Devices, systems, and methods within the present disclosure concern fluids management in oil and gas production. More specifically, devices, systems, and methods within the present disclosure concern management of preferable fluids in oil and gas production.

In the oil and gas industry, gas lift technology can apply high-pressure gas for supplementing formation gas to raise or lift well fluids. Typically, in the production of oil from oil wells with assistance from gas lift systems, gas that is separated from the produced oil is compressed and recycled for further use in production of oil from the well. After the compression stage, the separated gas is returned to the production wells as gas lift gas. In typical gas lift systems, fluids produced from the separation process are sent elsewhere such as to offsite use or routed into haul off tanks. Handling of various fluids can lead to emissions, such as release of gaseous emissions into the atmosphere during transfer to haul off tanks, for example, during a dump cycle. Further, liquids that are stored can evaporate, losing/releasing other gas emissions to the atmosphere. Other sources of unproductive emissions can include gaseous emissions from compressor packing vents associated with compressors. Designs for reducing and/or containing discharges can assist in reducing or eliminating atmospheric emissions.

According to an aspect of the present disclosure, a gas lift gas recovery system includes an inlet separator system, a charge system, and a sump system for holding liquids from at least one of the inlet separator systems and the charge system. The inlet separator system may be configured to receive production fluid for separation of liquids therefrom to recover gas lift gas. The inlet separator system may include at least one separator vessel for separation of liquids from gas. The at least one separator vessel may include a production inlet to receive production fluid from a well, a gas lift gas outlet for connection with a gas lift gas compressor system, and a liquid outlet. The charge system may include a high pressure (HP) leg for holding an HP portion of fluid and a low pressure (LP) leg for holding an LP portion of fluid. The charge system may include at least a liquid inlet for selective communication with the liquid outlet of the inlet separator to receive liquids. The sump system may include a sump vessel arranged for selective communication with the charge system via a vapor line to transfer vaporous release to the charge system. In some embodiments, the gas lift gas recovery system may include a control system for operation to conduct selective communication of fluids, wherein the control system is configured to selectively communicate the sump system with at least one of the inlet separator systems and the charge system to transfer liquids to the sump system.

In some embodiments, the control system may include a charge gas valve for communicating pressurized charge gas to the sump system. The control system may include a sump outlet valve for purging liquids from the sump system. The control system may be configured to open the sump outlet valve and the charge gas valve in response to a threshold sump fluid level within the sump vessel to purge liquids from the sump vessel.
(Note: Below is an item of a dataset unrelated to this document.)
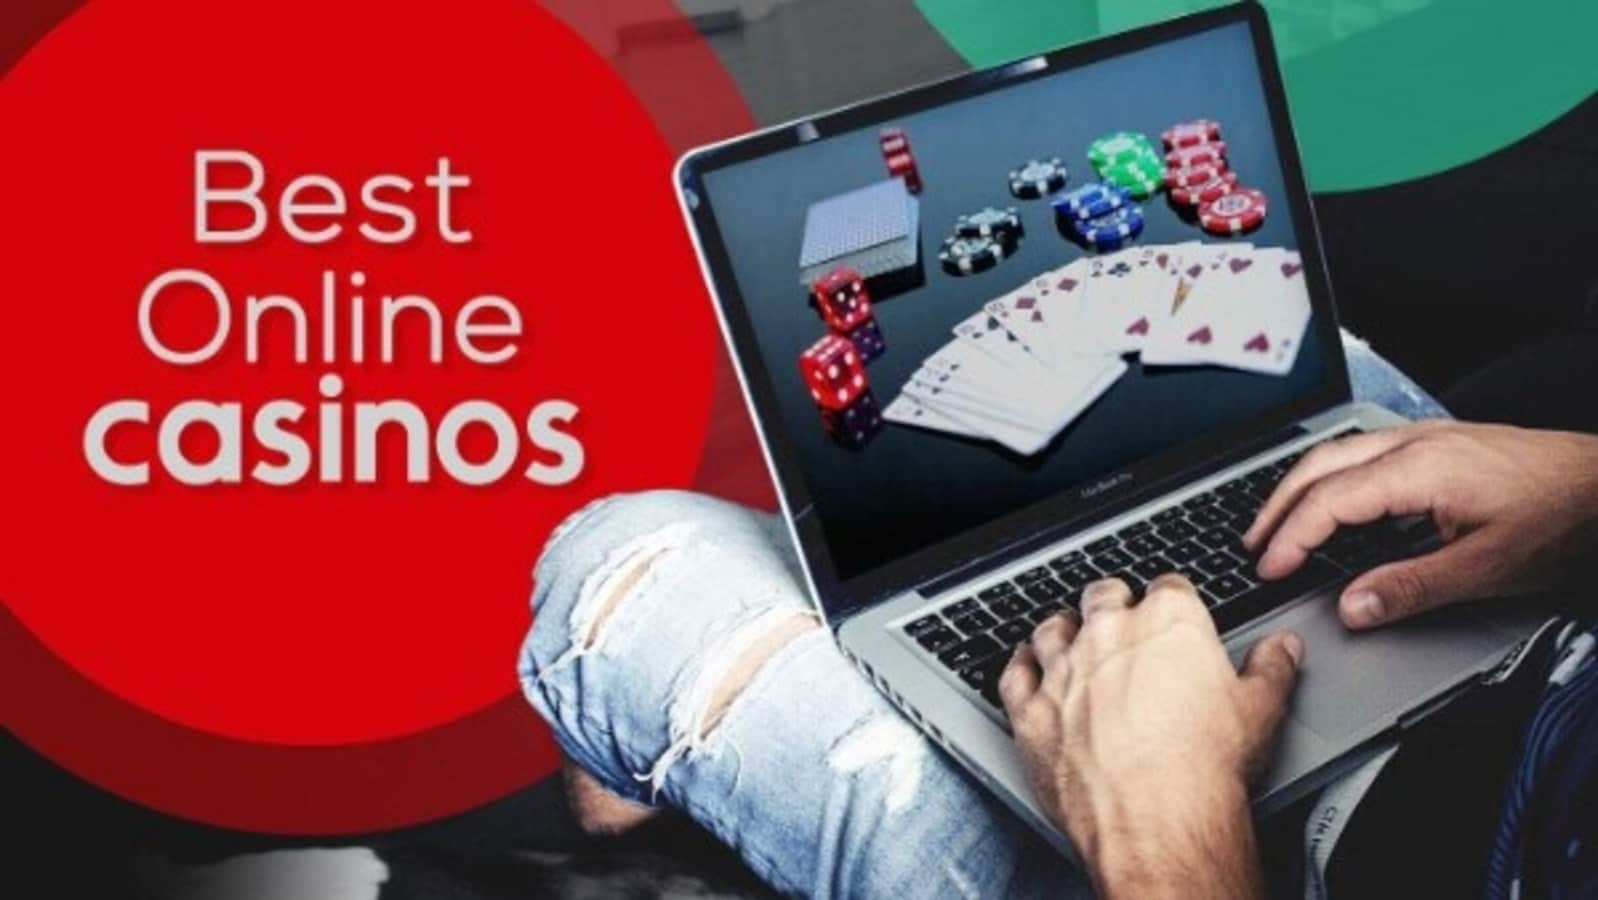 casinos Is Bound To Make An Impact In Your Business

In some embodiments, the control system may include a sump vapor control valve operable between a closed position to block against communication of vaporous release to the charge system and an open position to fluidly communicate the sump system with the charge system to transfer vaporous fluids to the charge system. The control system may be configured to close the sump vapor control valve in response to sump purging operations. The control system may be configured to close one or more valves arranged for selective communication of liquid to the sump system in response to the sump purging operations.
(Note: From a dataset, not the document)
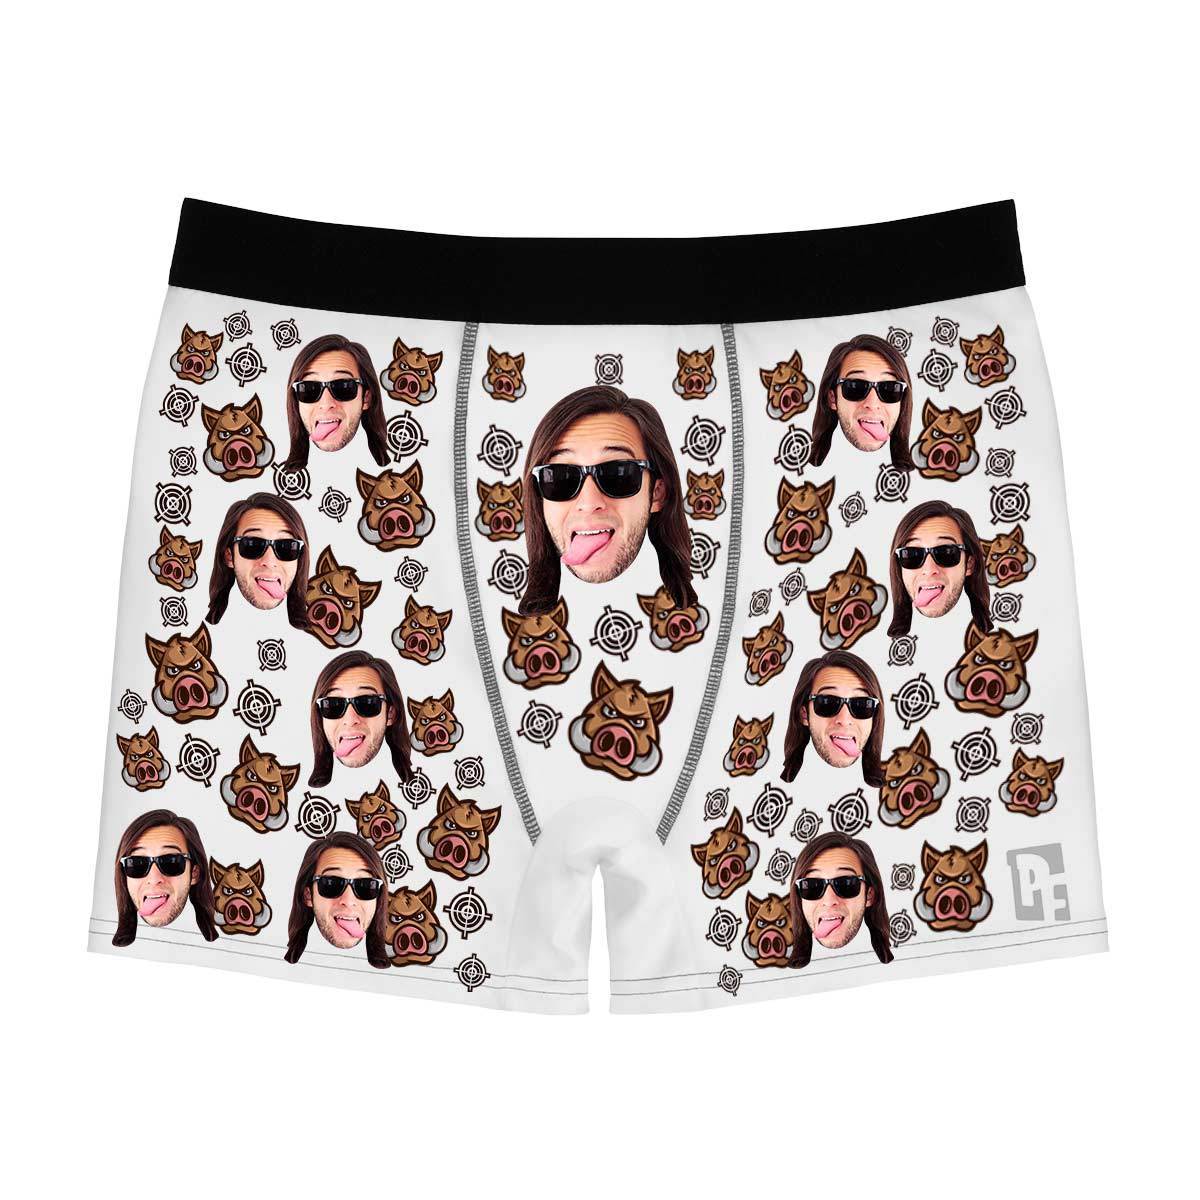 White Boar Hunter men's boxer briefs personalized with photo printed on them

In some embodiments, the sump system may be arranged to receive selective communication of liquid from at least one of a fuel gas scrubber system, a suction scrubber, a first interstage scrubber, and a drain of a gas lift gas compressor system. The liquid from the at least one of a fuel gas scrubber system, a suction scrubber, a first interstage scrubber, and a drain of a gas lift gas compressor system may be an LP liquid for selective communication to the sump system via a valve of the control system.

In some embodiments, the charge system may be arranged to receive selective communication of liquid from at least one of a second interstage scrubber and a third interstage scrubber. The liquid from the at least one of a second interstage scrubber and a third interstage scrubber may be an HP liquid for selective communication to the HP leg of the charge system. The liquid from the at least one of a second interstage scrubber and a third interstage scrubber may be arranged for selective communication from the HP leg of the charge system to the sump system via an HP sump valve of the control system.

In some embodiments, the inlet separator system may be arranged in selective communication with the sump system to provide liquids via a separator sump valve of the control system. The inlet separator system may be arranged in selective communication with the charge system. The control system may be configured to selectively communicate liquids from the inlet separator system to the charge system in response to threshold liquid level within the inlet separator system during dump cycle operation of the sump system for purging liquids from the sump vessel.

In some embodiments, the gas lift gas recovery system is skid mounted. In some embodiments, the gas lift gas recovery system further includes a methane recovery system for recovering hydrocarbon gas. The methane recovery system may include a methane recovery compressor for increasing pressure of recovered gas. Pressurized gas from the methane recovery compressor may be provided to the inlet separator for combination with recovered gas lift gas.

In some embodiments, the methane recovery system may include a cooling system. The cooling system may include a heat transfer fluid circulating in thermal communication to remove heat from the methane recovery system and provide recovered heat to the sump system. In some embodiments, the sump system may include a heat exchanger arranged to provide thermal communication between the heat transfer fluid and the sump vessel to provide heat to the liquids within the sump vessel for encouraging vaporization.

In some embodiments, the control system may be configured to selectively communicate the sump system with the inlet separator system to transfer liquids to the sump system in response to threshold liquid level within the at least one of the inlet separator systems. In some embodiments, during sump purging operation, the control system may be configured to divert fluids from the inlet separator system to the LP leg in response to threshold liquid level within the inlet separator system during sump purging operations.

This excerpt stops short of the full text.